### [EXERCISE DESCRIPTION]
Write out exactly, and only, the lines below from the line with "Free Question Mark" through the line with "Rentals - Stand-up"; pictures do not belong in the copy.
##### TASK INPUTS #####
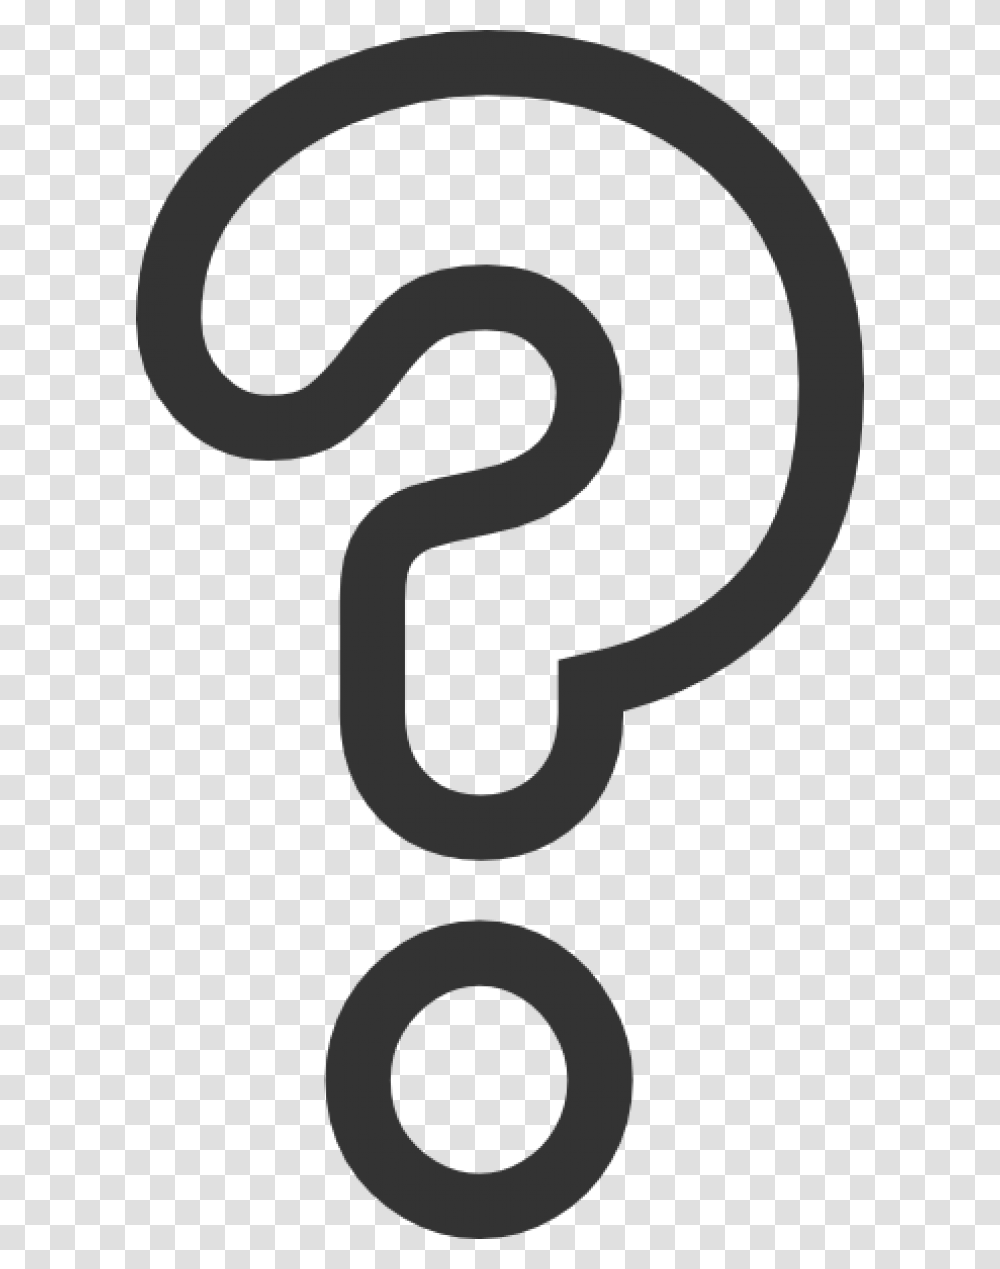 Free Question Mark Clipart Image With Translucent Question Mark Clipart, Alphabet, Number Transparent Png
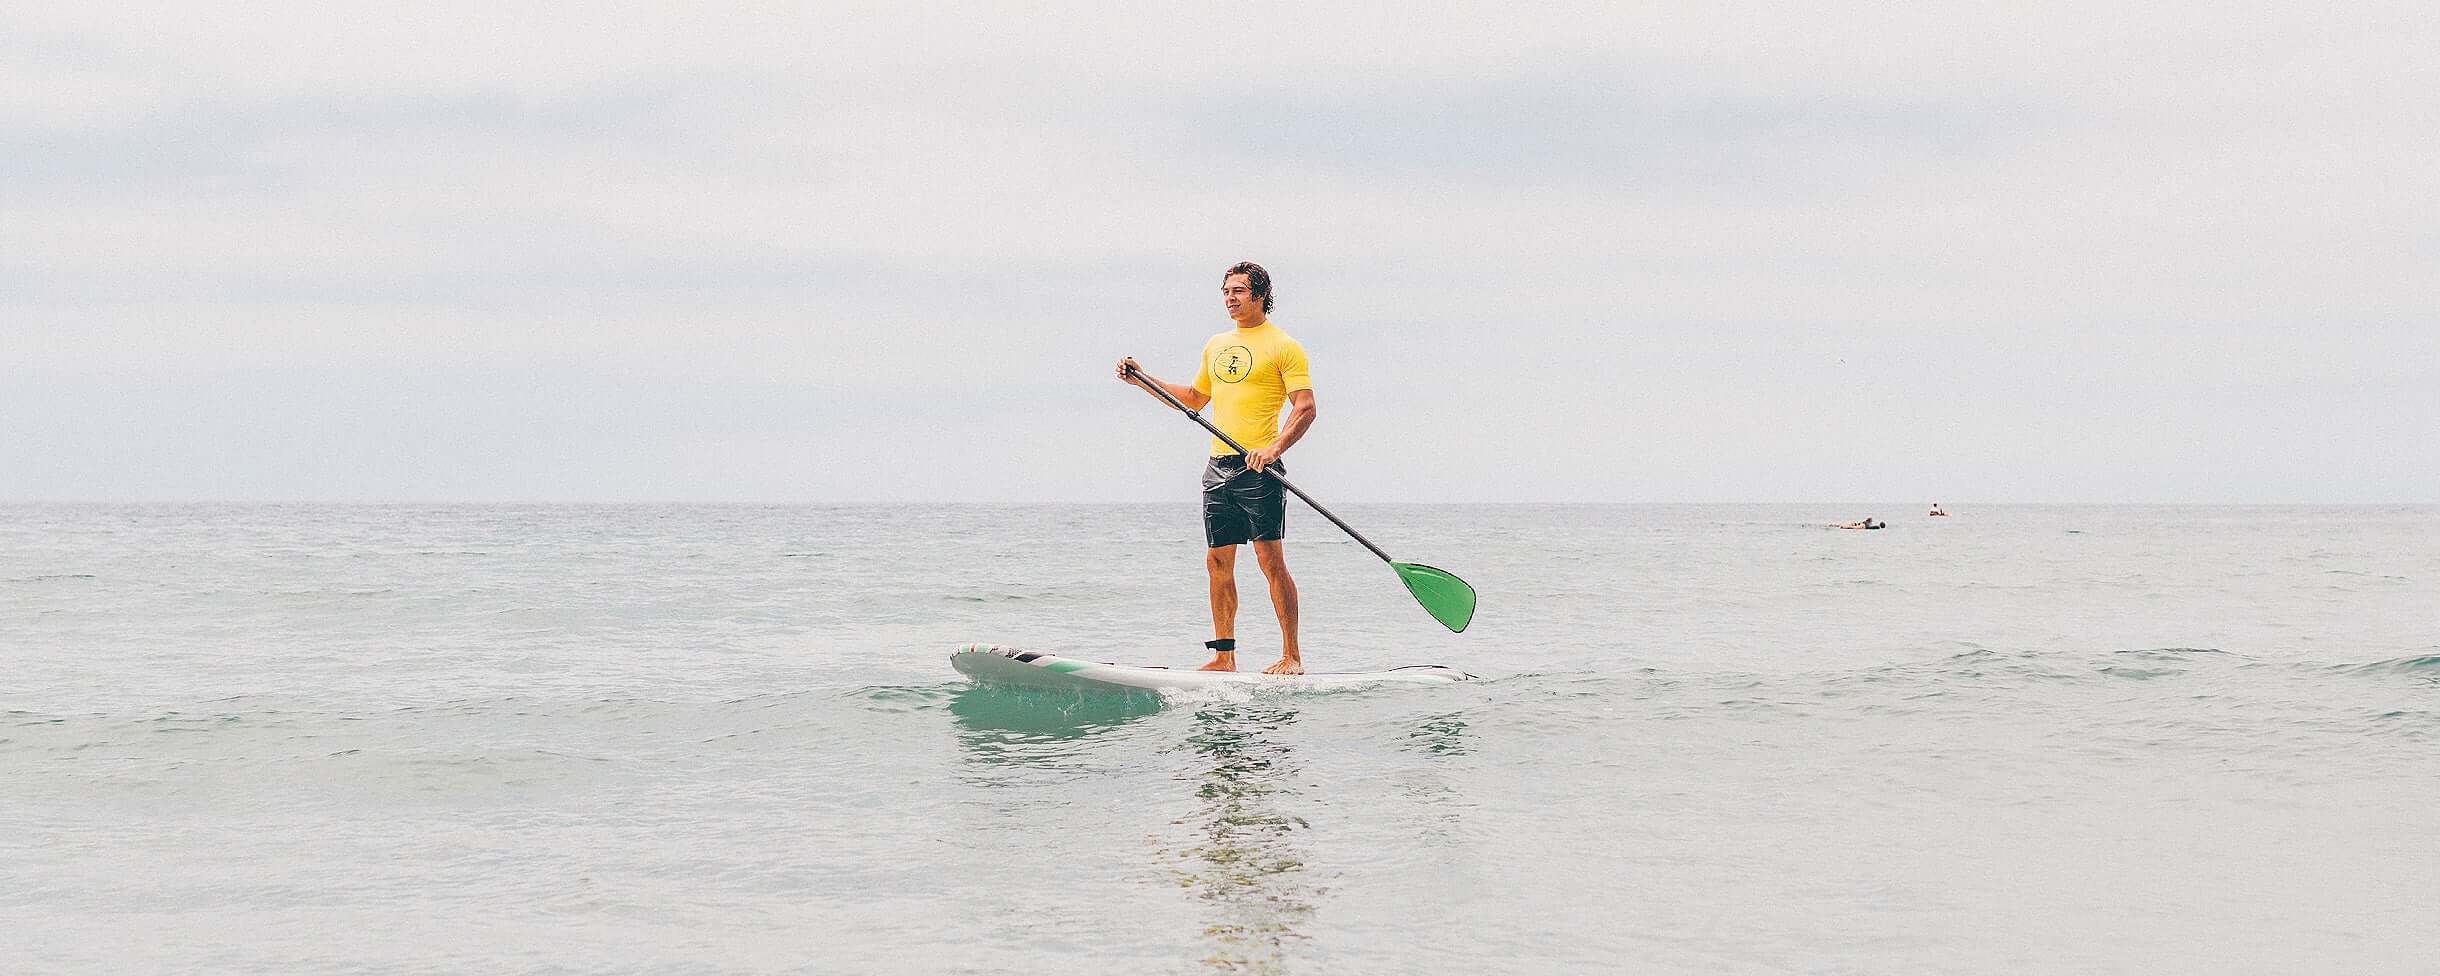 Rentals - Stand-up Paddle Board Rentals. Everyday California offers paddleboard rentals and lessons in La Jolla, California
#####
##### TASK INPUTS #####
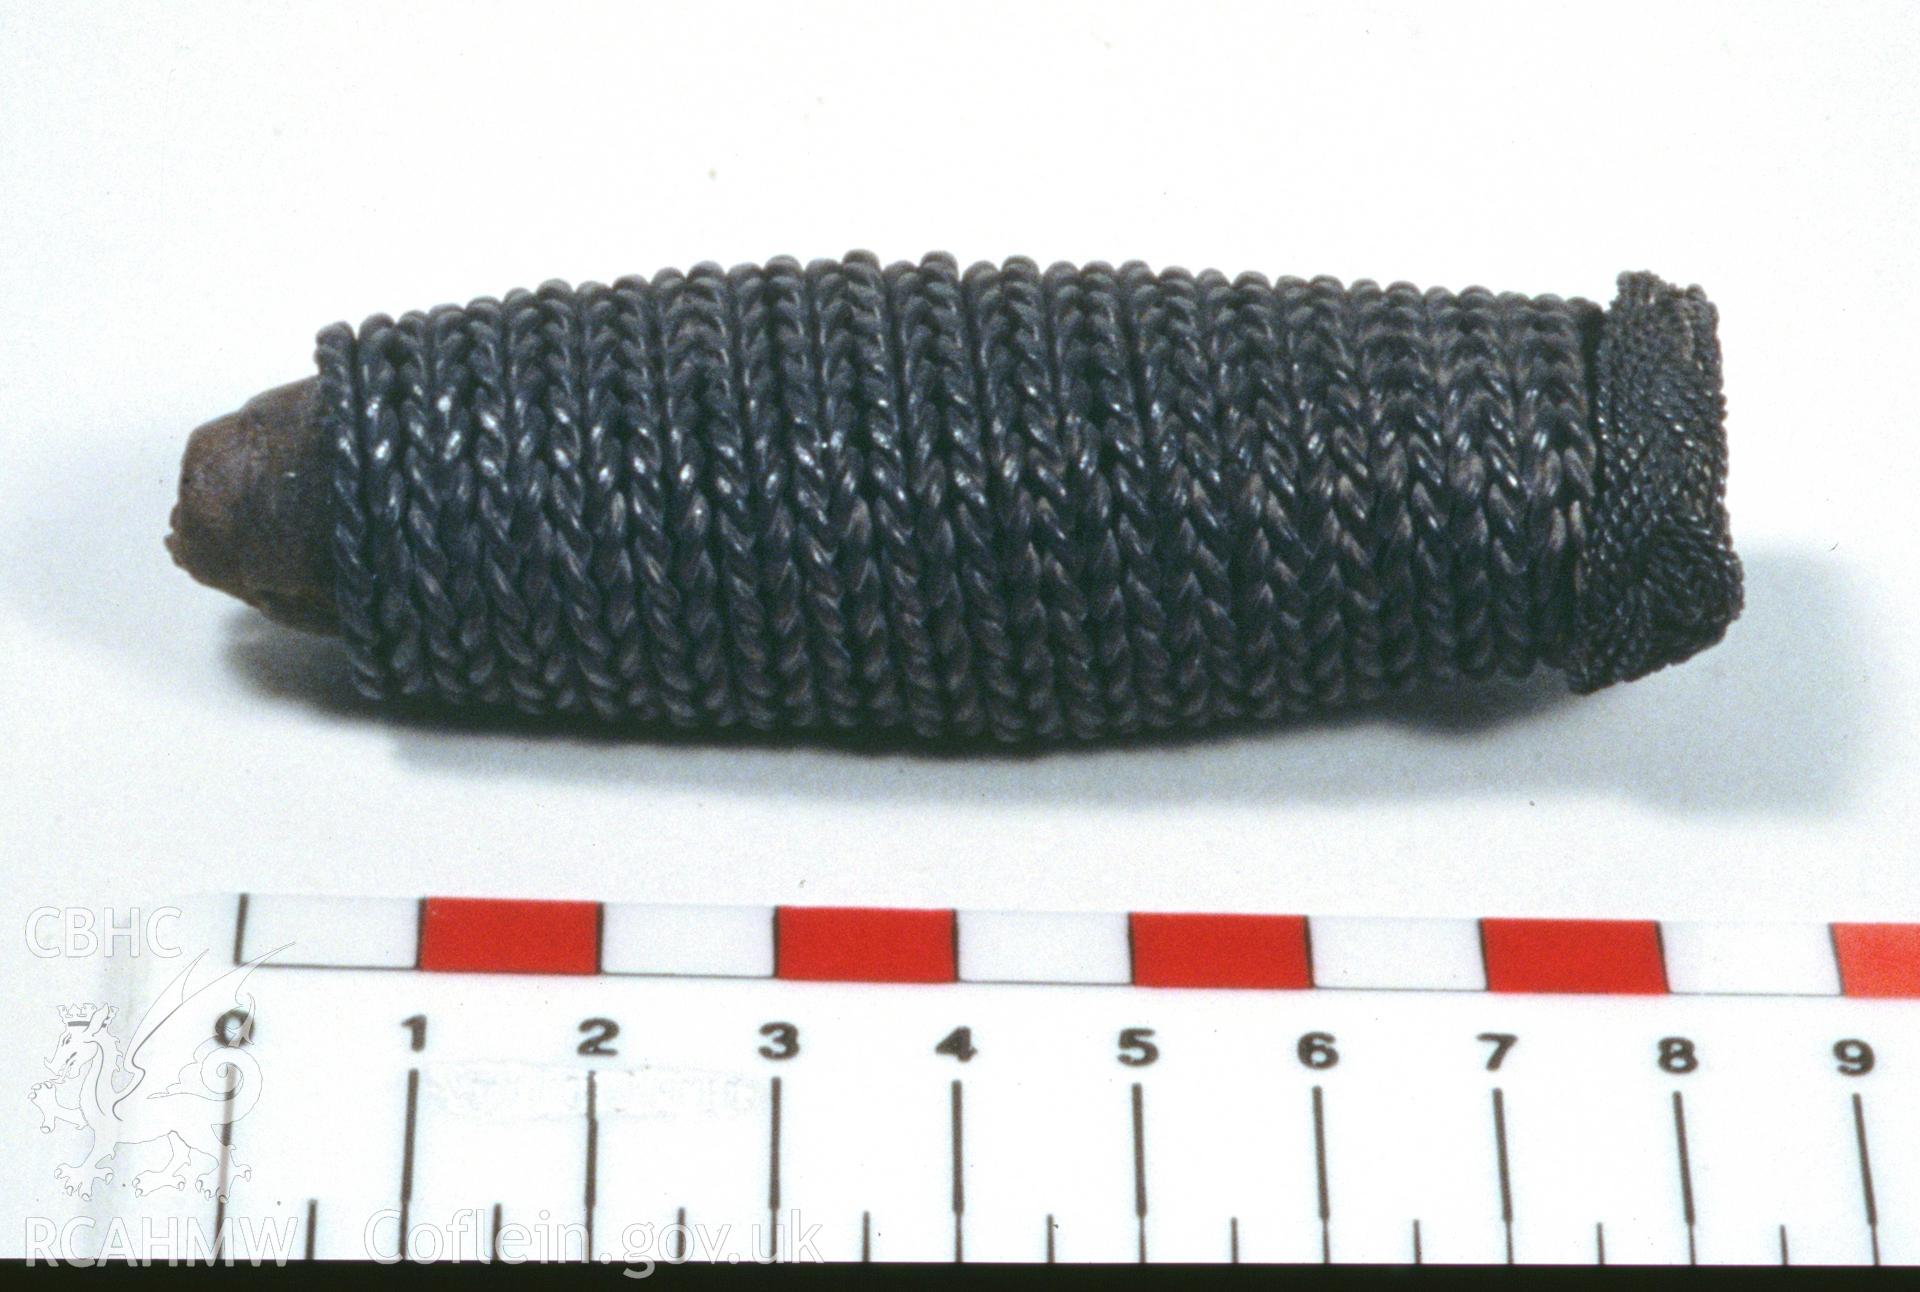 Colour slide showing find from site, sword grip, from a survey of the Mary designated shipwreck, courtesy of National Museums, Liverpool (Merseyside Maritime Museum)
#####
##### TASK INPUTS #####
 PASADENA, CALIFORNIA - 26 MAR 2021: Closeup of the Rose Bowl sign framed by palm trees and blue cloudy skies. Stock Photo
#####
### [FINISHED EXERCISE]
 Free Question Mark Clipart Image With Translucent Question Mark Clipart, Alphabet, Number Transparent Png
 Rentals - Stand-up Paddle Board Rentals. Everyday California offers paddleboard rentals and lessons in La Jolla, California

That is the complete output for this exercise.